La comprensione della temporalità estatica negli studi olotropici conduce Adam a proporre un modello ‘olo-grammatico’ per la sociologia del tempo. L’ologramma, con particolare riguardo alla sua capacità di risonanza rispetto alla matrice della trasmissione che lo forma, viene contrapposto alla fotografia, caricata invece di una pretesa d’esattezza, misurabilità newtoniana e datità delle sue unità (pigmenti, pixel e così via):

Holography is a technology that encapsulates a post-Newtonian conception of the part to the whole and entails a process of representing and fixing reality visually that differs significantly from lens photography. Holography implicates the absent and centrally incorporates the idea of resonance. […] In lens photography the object stands in a 1:1 relation to the produced image and each point on the object corresponds to the same single point on the representation. In case of the plate being broken, the broken off part would be missing from the image.
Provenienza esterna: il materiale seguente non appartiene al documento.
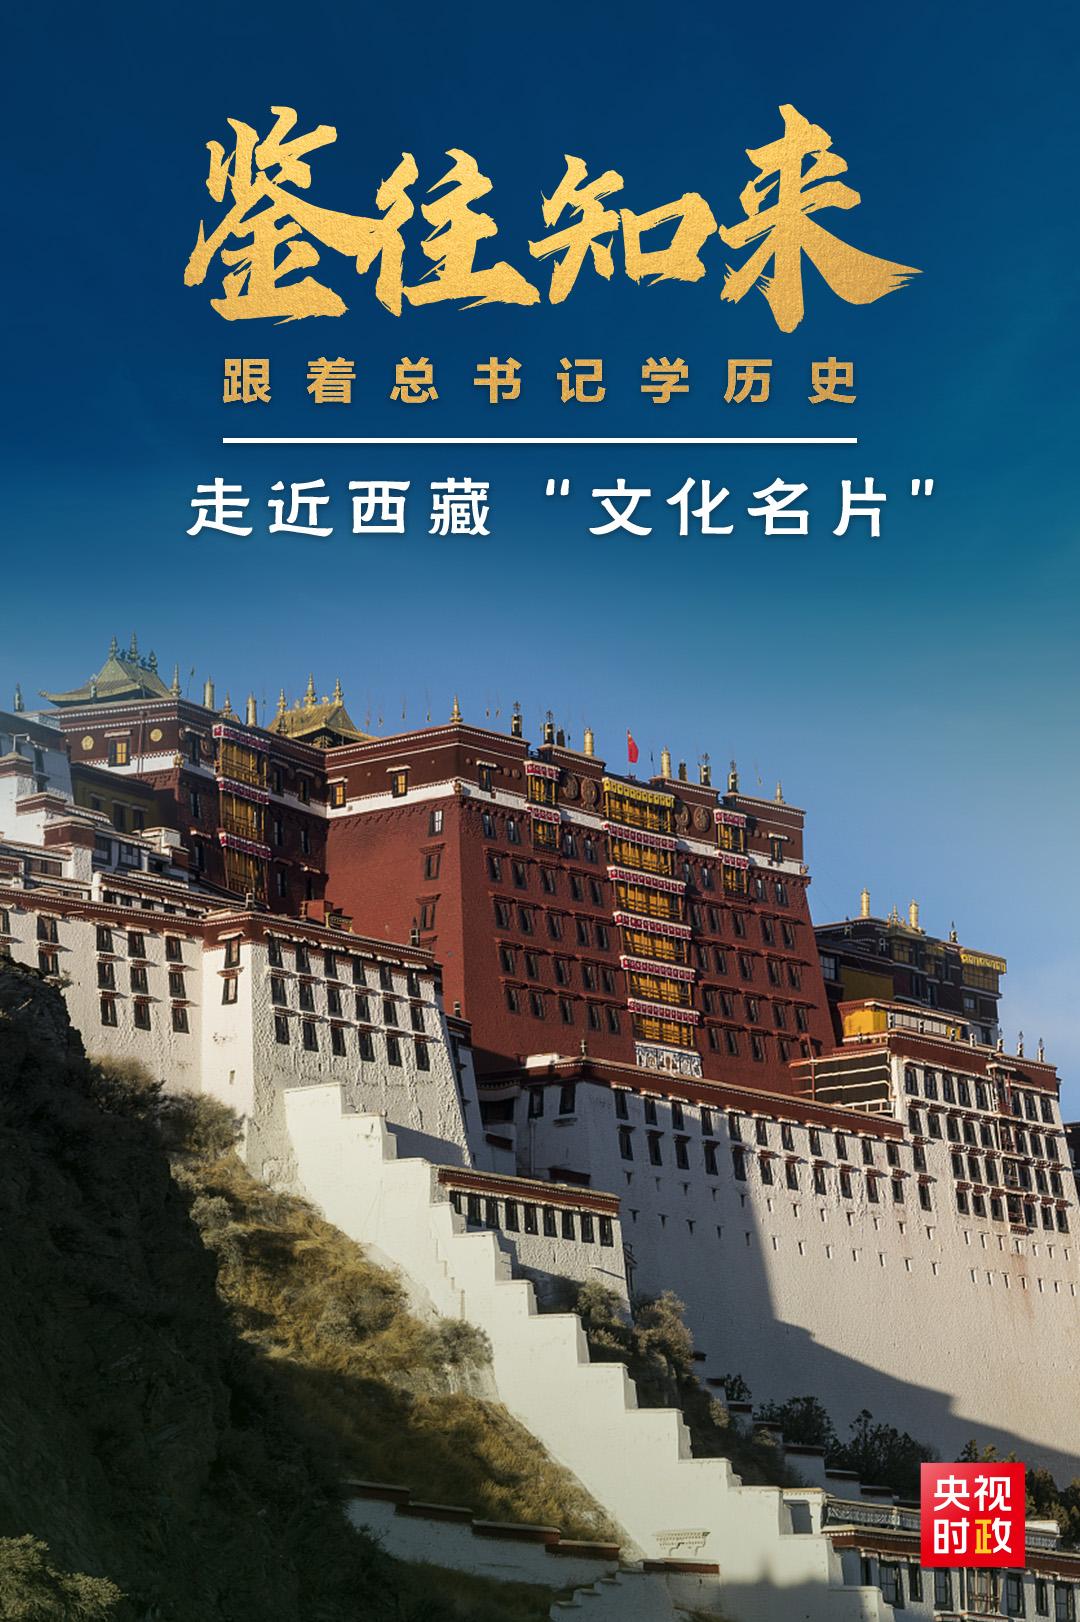 鉴往知来,跟着总书记学历史丨保护西藏优秀传统文化,总书记为何如此关注?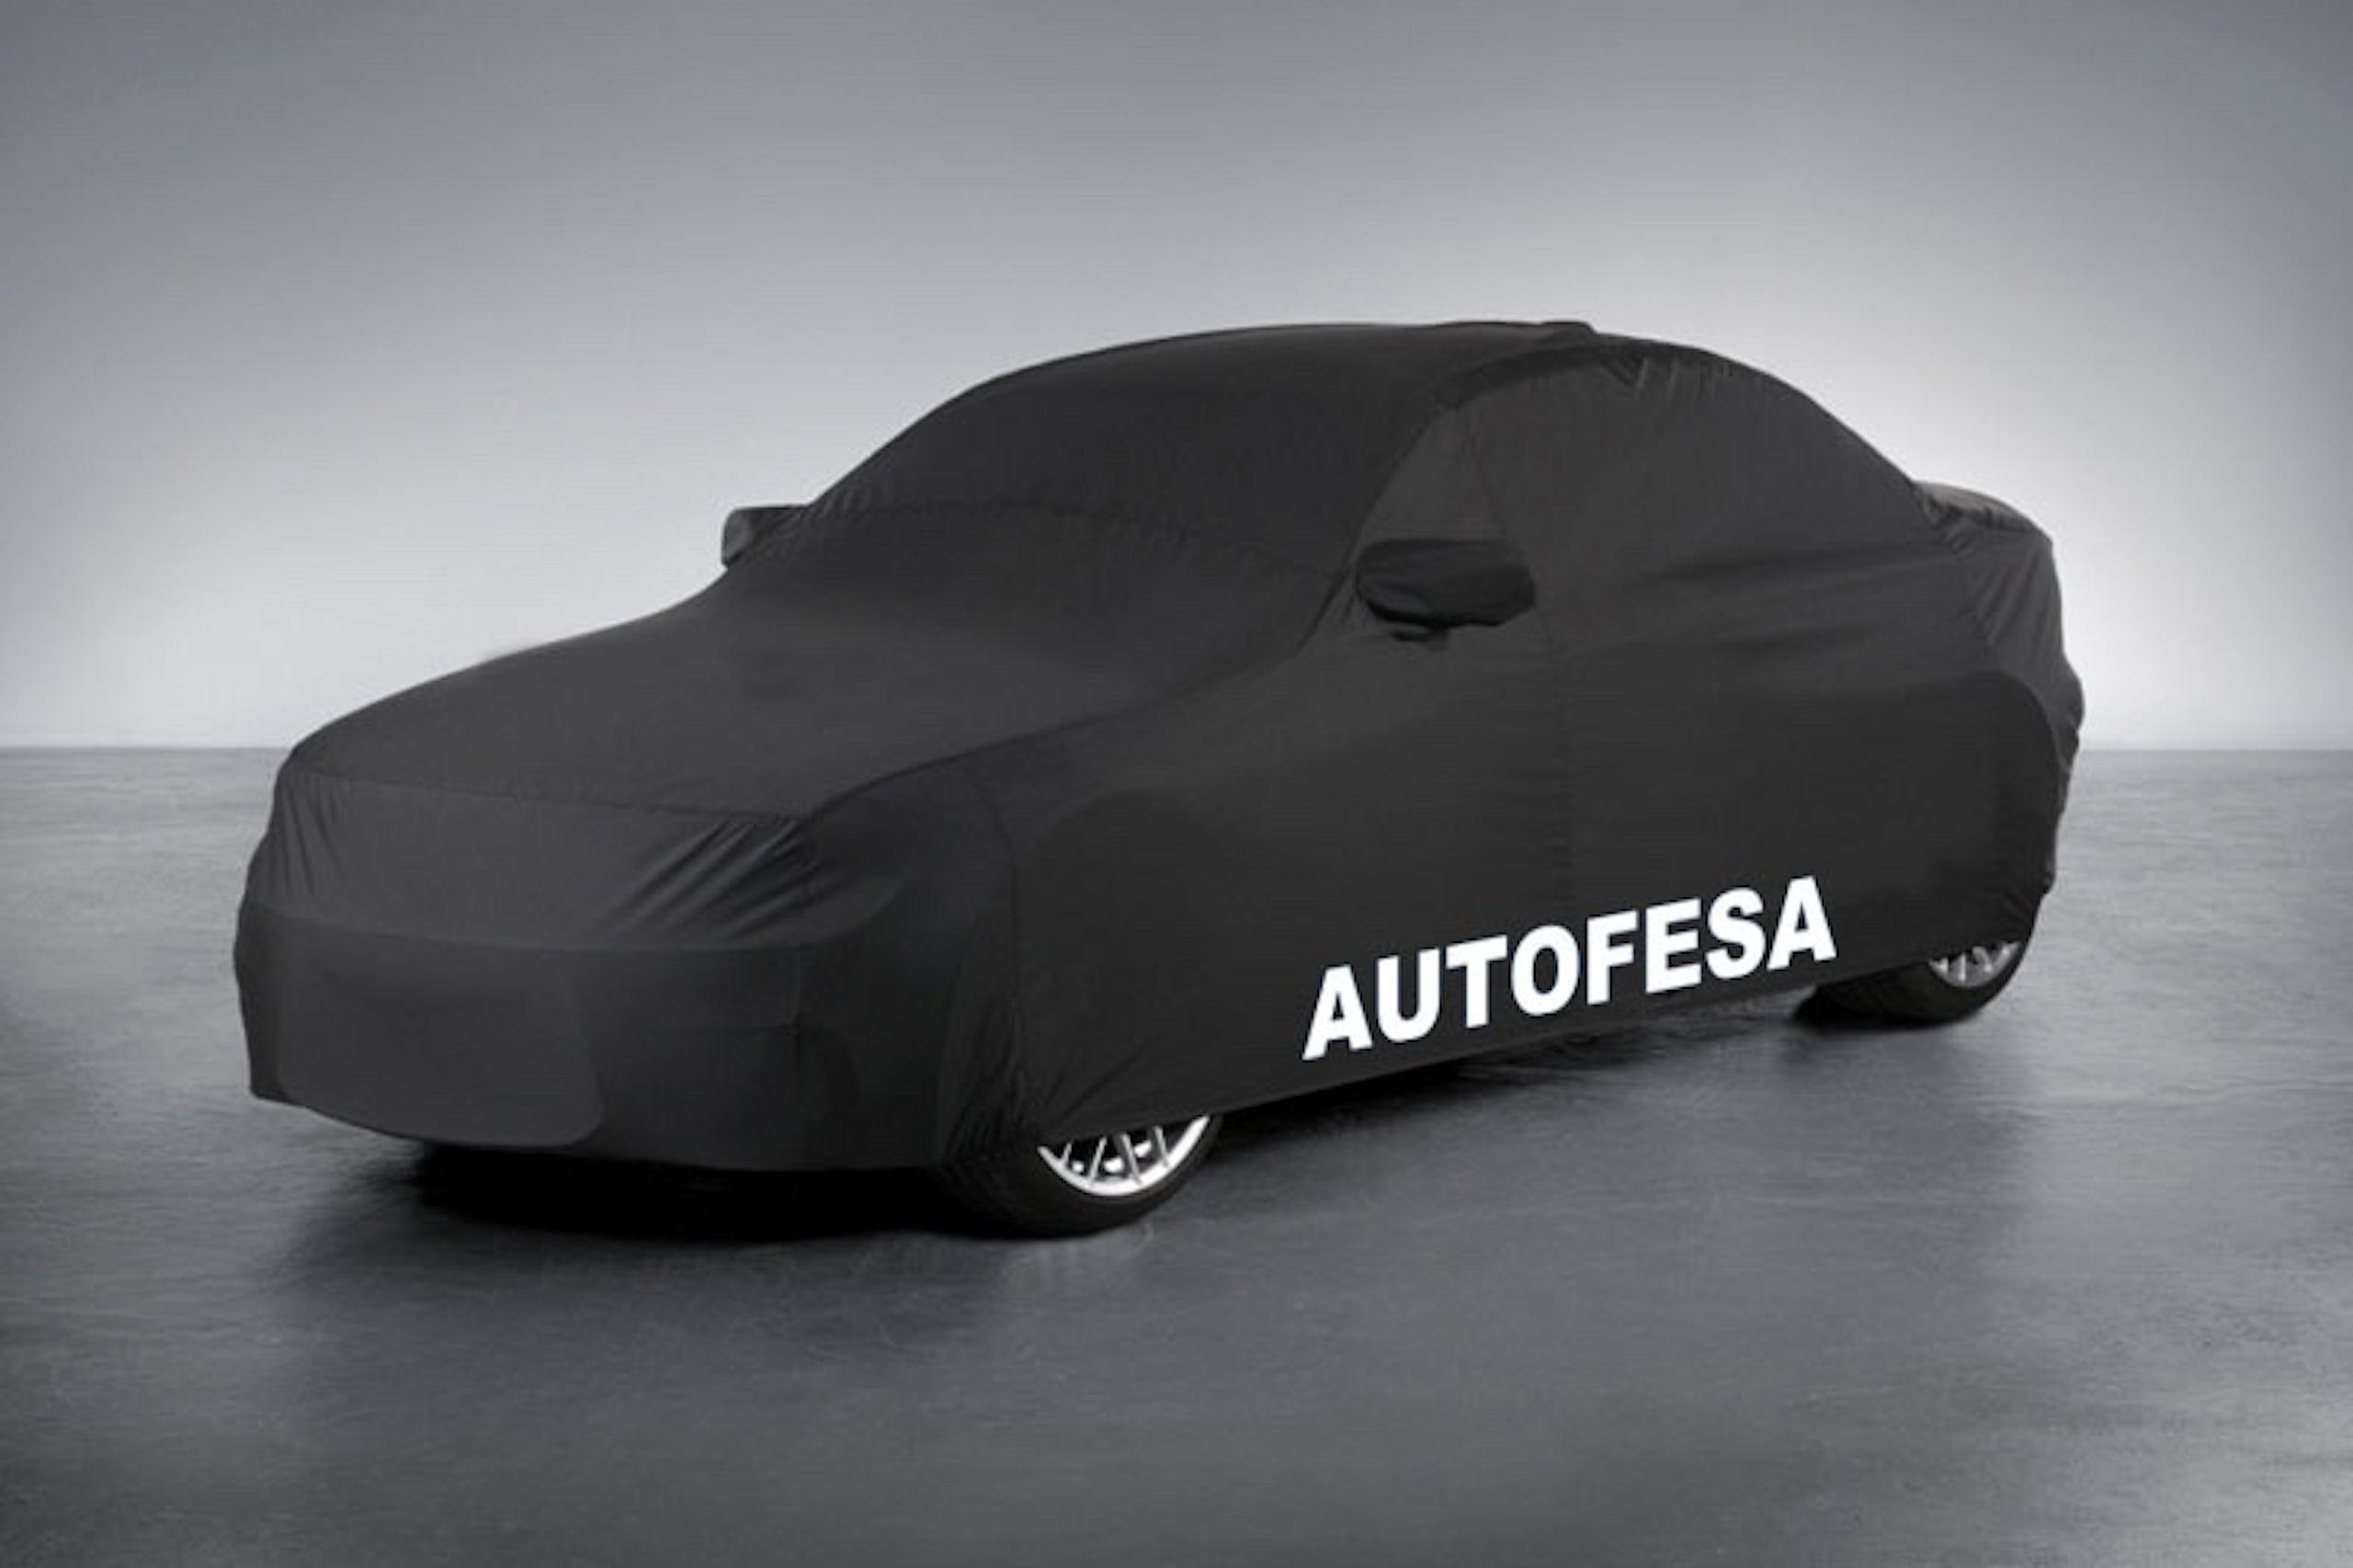 Audi A6 3.0 TDI AVANT 272cv quattro 4p S tronic Auto S/S - Foto 26

It means, this design principle of lens technology is underpinned by classical Newtonian science assumptions about the relation of part to whole, object of investigation to reality and, by implication, individual to society, being to environment. It links to the understanding that when something is removed – from a photographic plate, society, nature-the rest remains undisturbed; it is simply missing159.

Un ulteriore aspetto significativo della trasfigurazione olografica della temporalità riguarda l’interferenza. Mediante l’interferenza, la trasmissione ologrammatica permetterebbe di superare al contempo una rappresentazione spaziale del tempo coincidente col dominio teorico e tecnico del vivente. Le relazioni fra oggetti/soggetti di un ambiente andrebbero espresse, nel piano ologrammatico, come sincronizzazioni e interferenze rispetto al tempo sociale, sotto forma di un’inter-connessione che influenza gli equilibri in campo in maniera immediata: «In holography the emphasis is on parts being implicated in the whole and vice versa, on interconnectivity and on meaning arising from interaction, on multiple perspectivity and on the centrality of that which is not visible – what a gem of a metaphor for conceptualising environmental hazards! Derived from the Greek holo which means whole and ‘gram’ which means to write, a hologram writes the whole. […] Once the beams are reunited they are no longer in phase but interfere with each other»160.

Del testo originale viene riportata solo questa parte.